**Data excerpt**
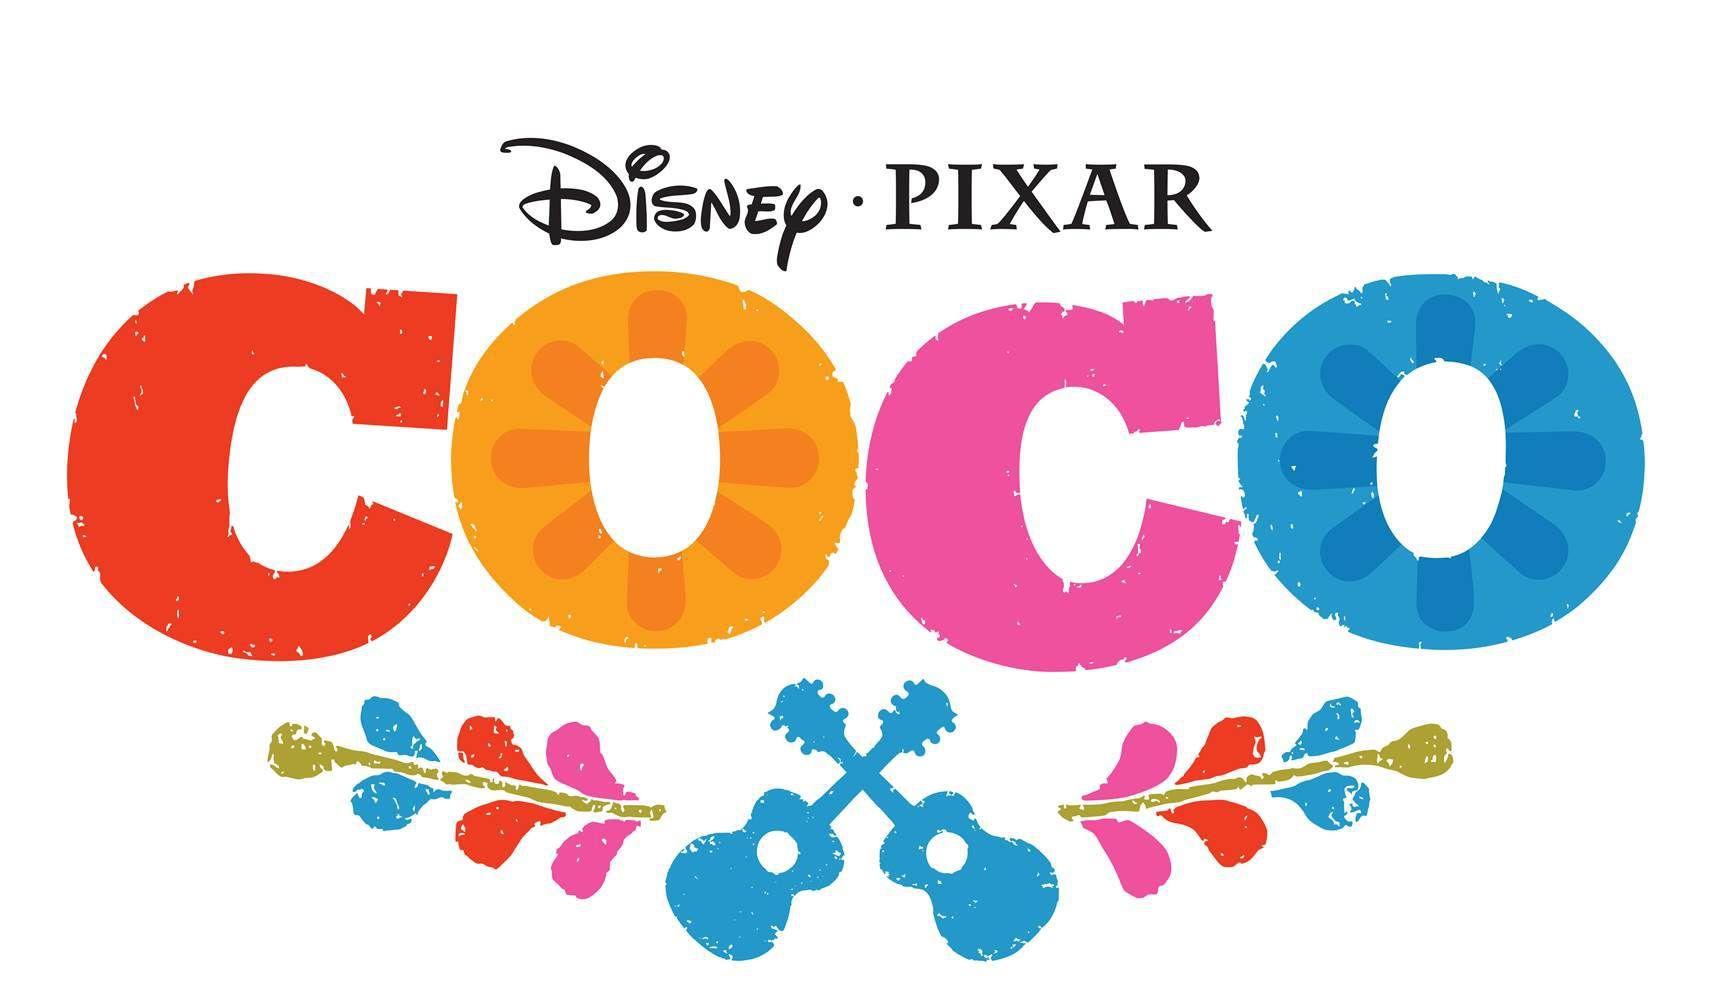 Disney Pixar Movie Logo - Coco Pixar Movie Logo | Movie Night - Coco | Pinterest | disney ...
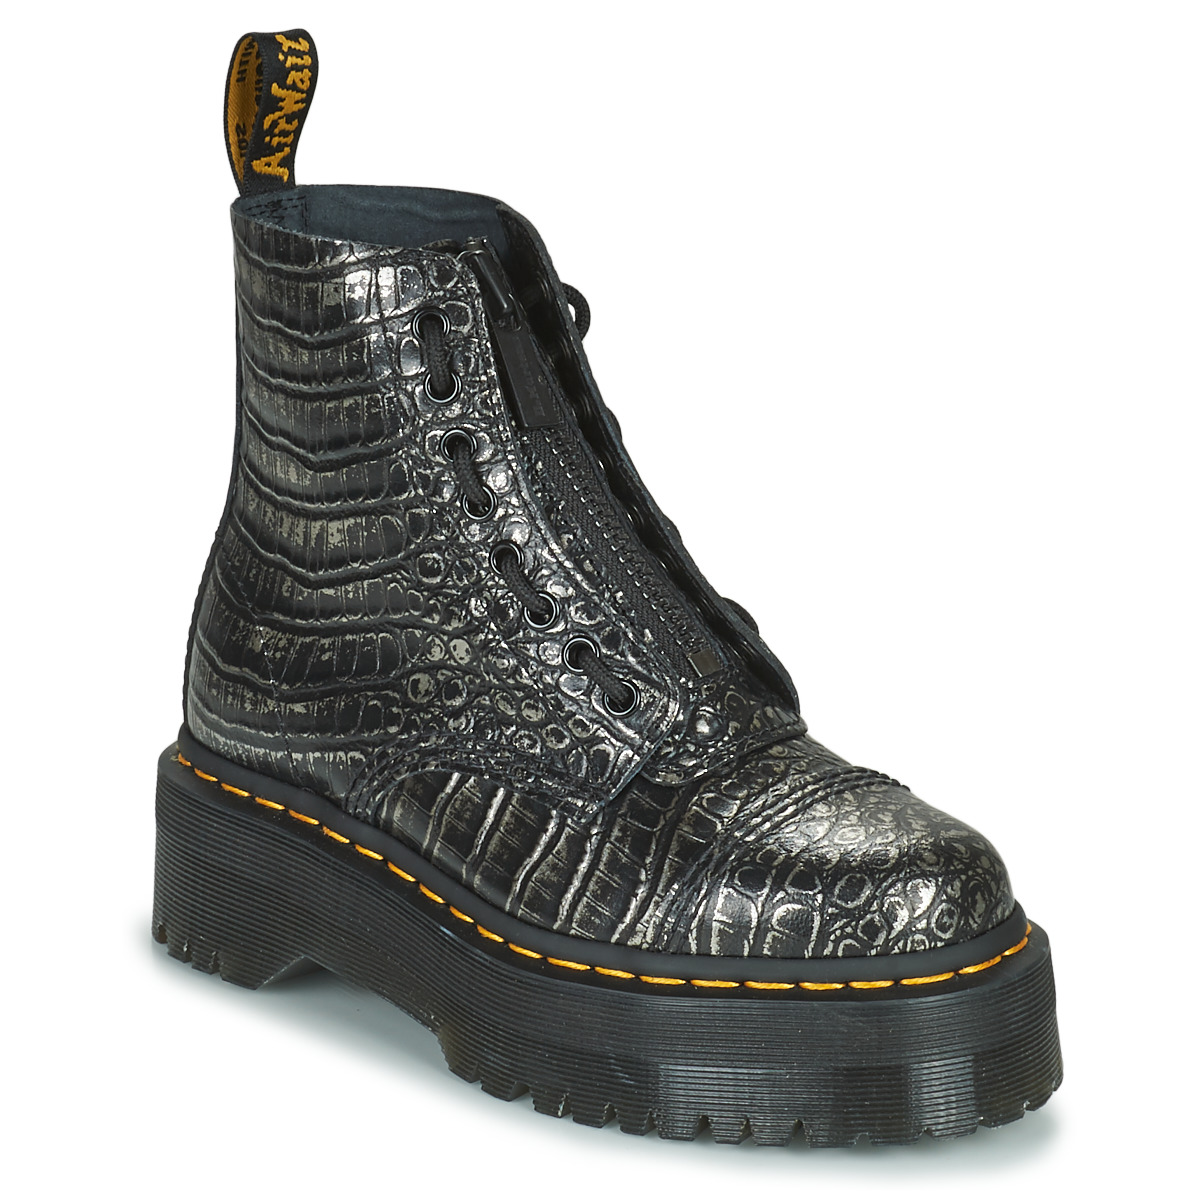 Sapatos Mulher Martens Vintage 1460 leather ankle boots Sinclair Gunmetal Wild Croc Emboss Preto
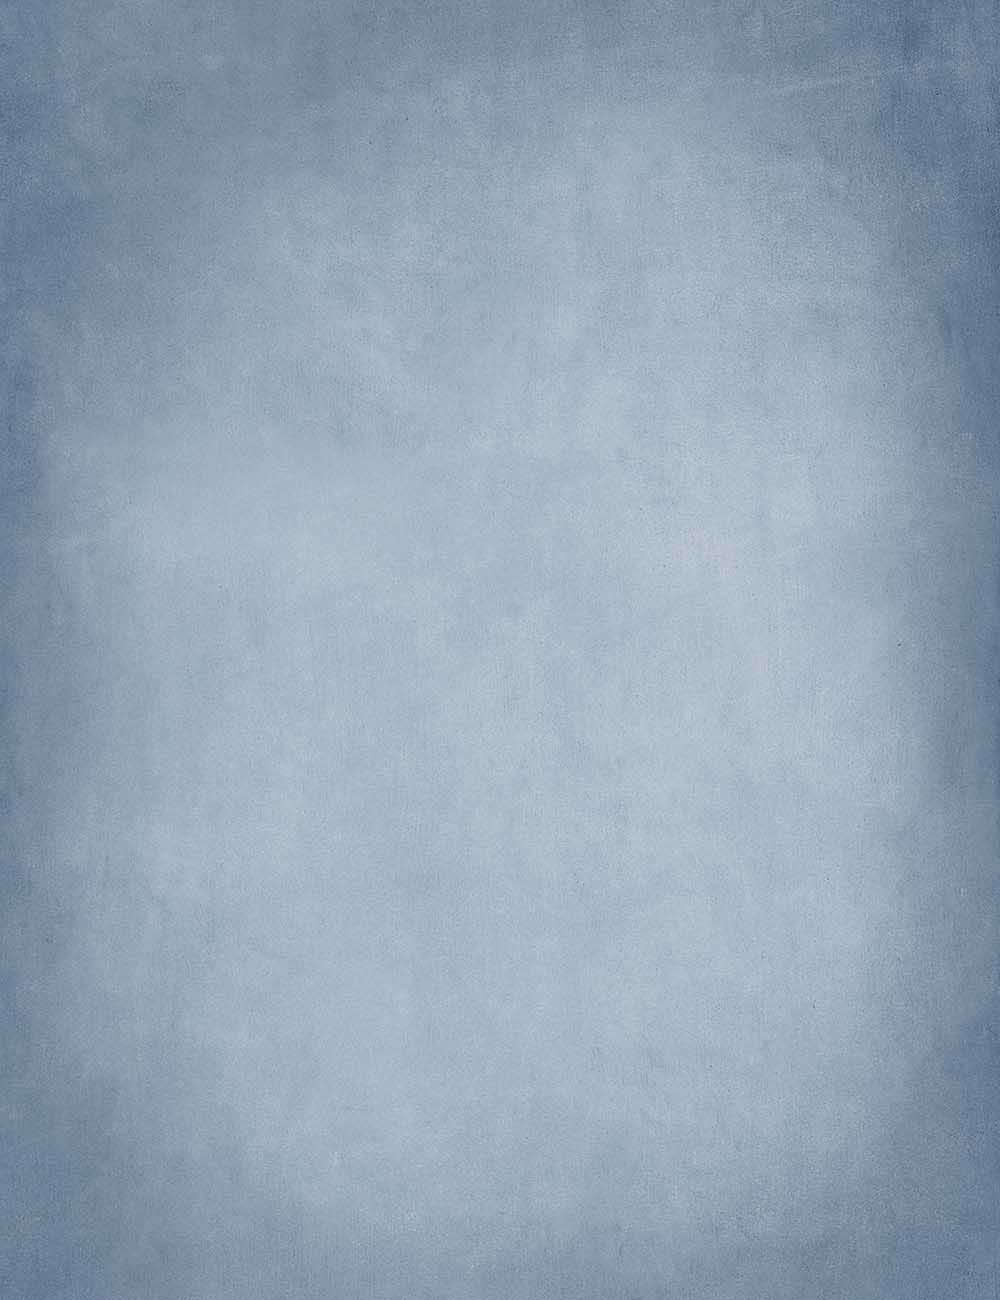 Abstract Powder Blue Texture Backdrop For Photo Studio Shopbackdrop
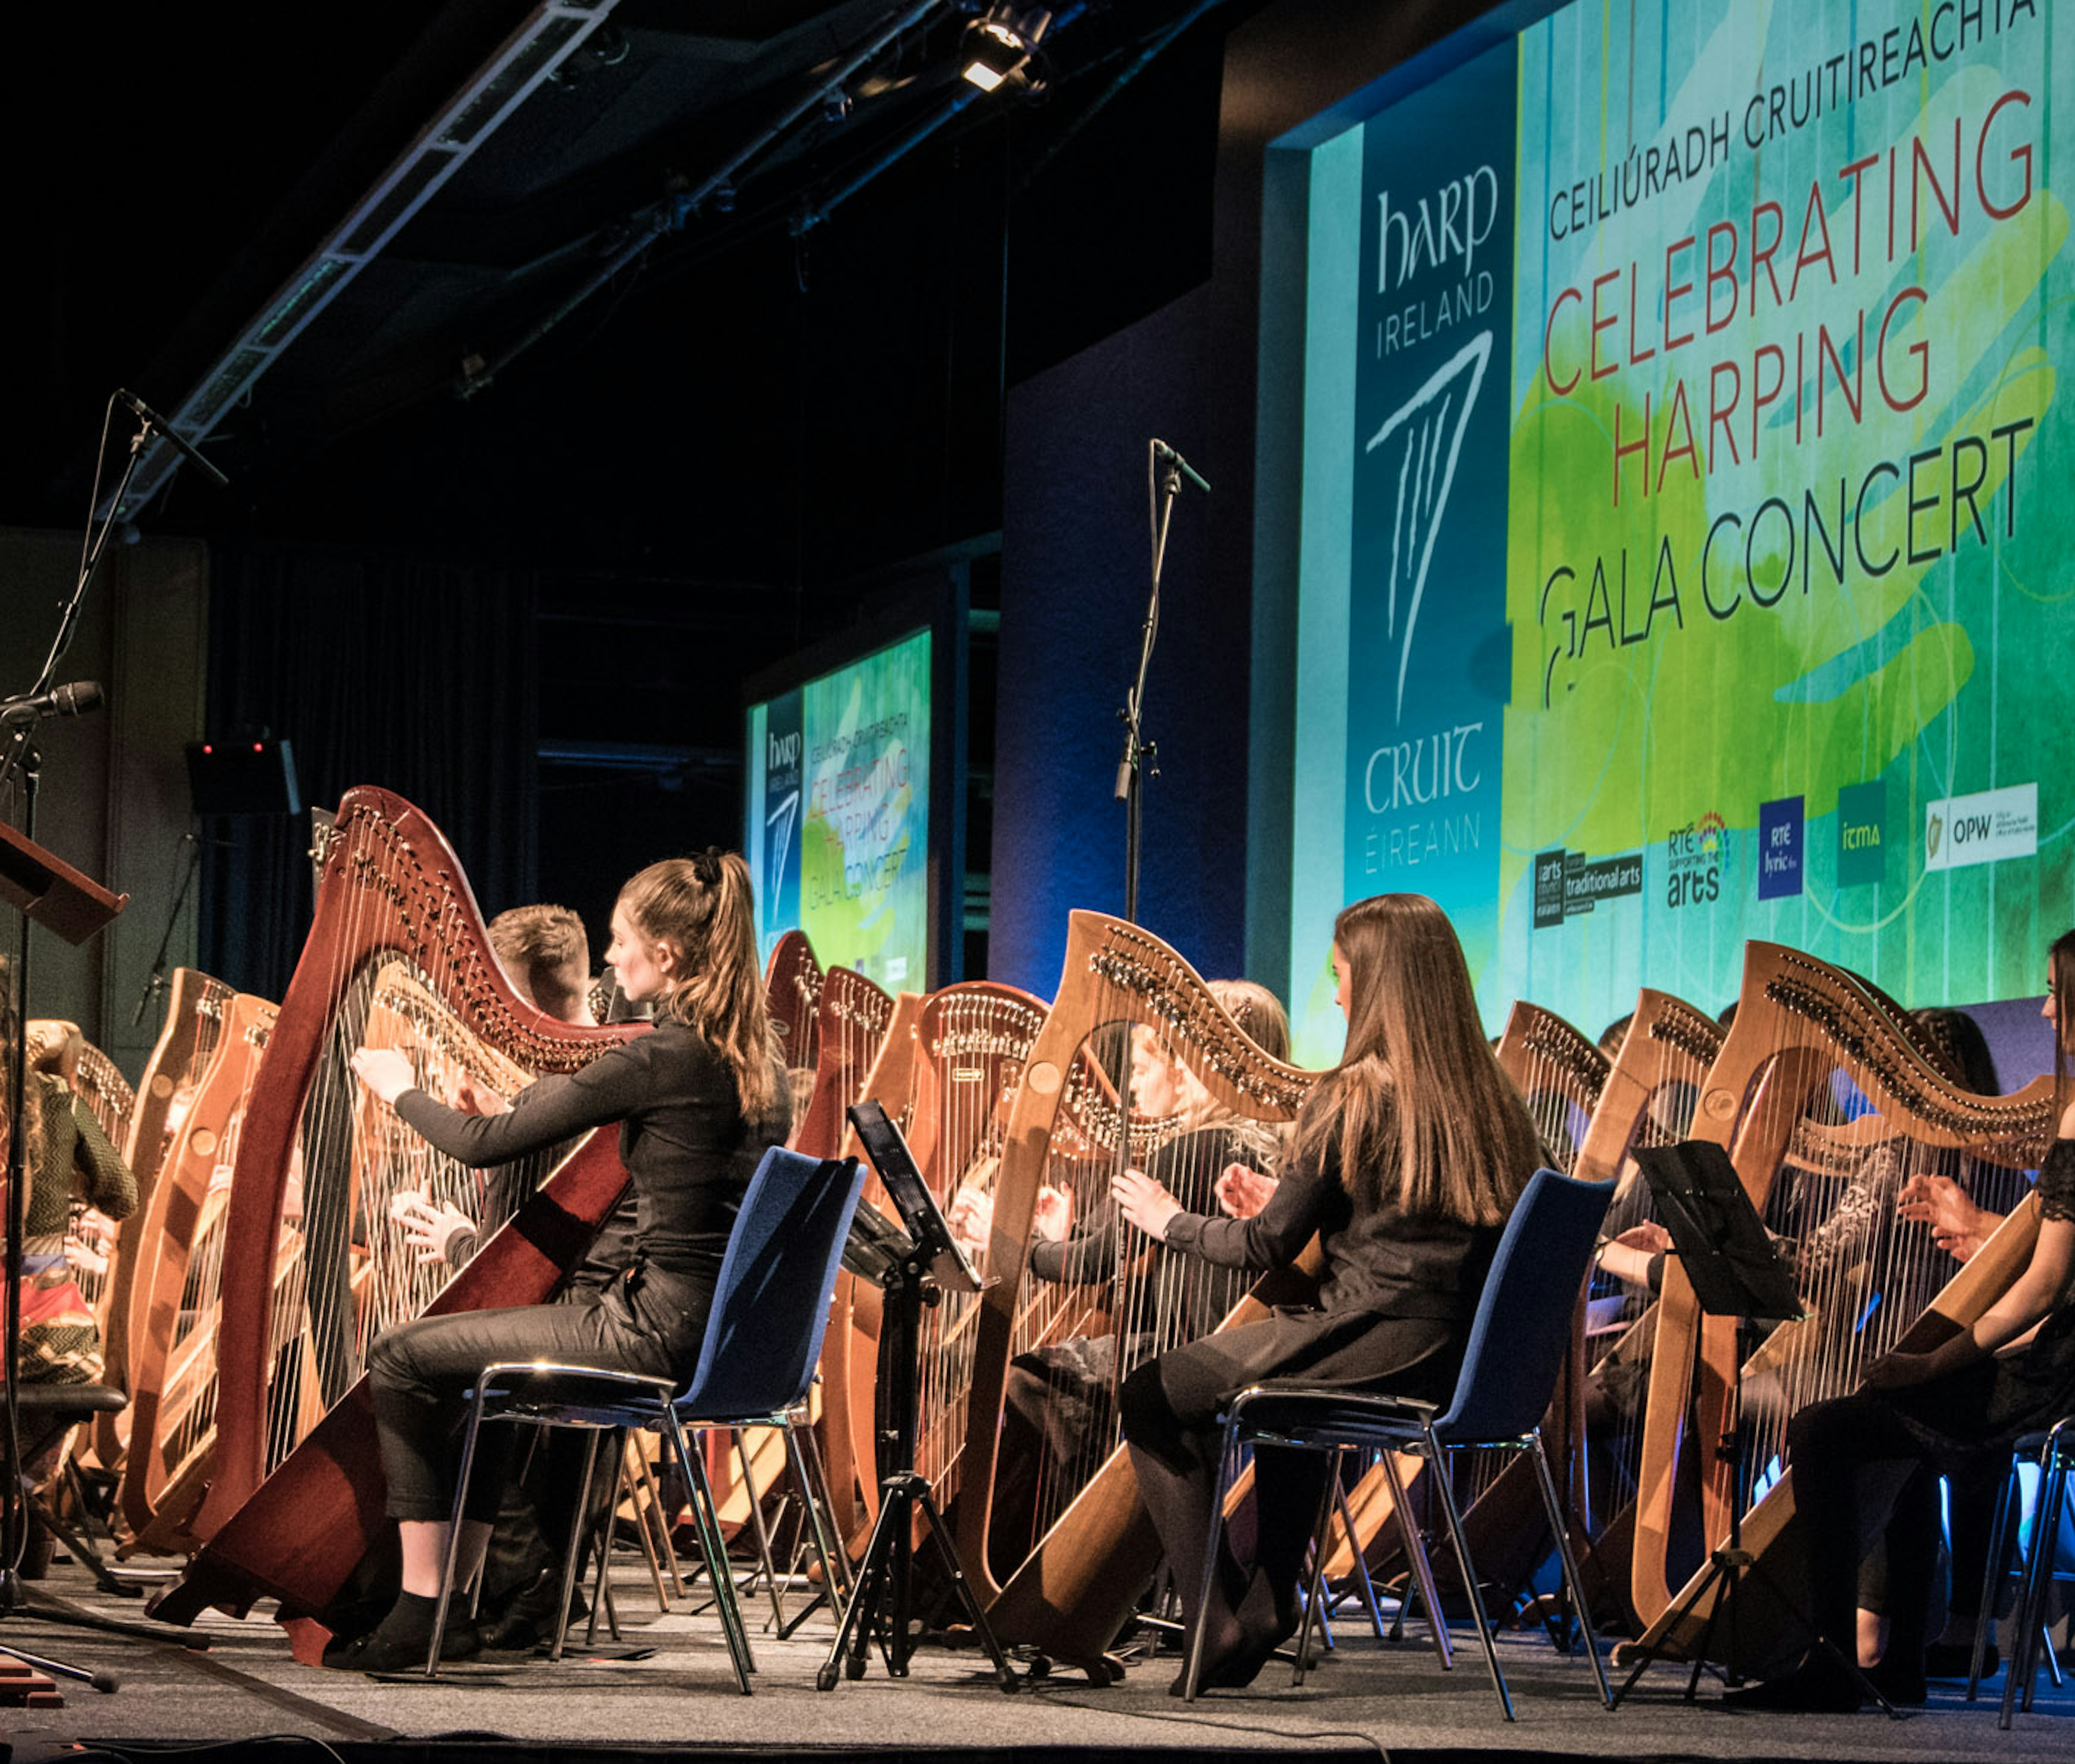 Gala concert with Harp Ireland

**Exercise objective**
The reply should repeat the data in full, exactly as given, and contain no pictures.

**Task output**
 Disney Pixar Movie Logo - Coco Pixar Movie Logo | Movie Night - Coco | Pinterest | disney ...
 Sapatos Mulher Martens Vintage 1460 leather ankle boots Sinclair Gunmetal Wild Croc Emboss Preto
 Abstract Powder Blue Texture Backdrop For Photo Studio Shopbackdrop
 Gala concert with Harp Ireland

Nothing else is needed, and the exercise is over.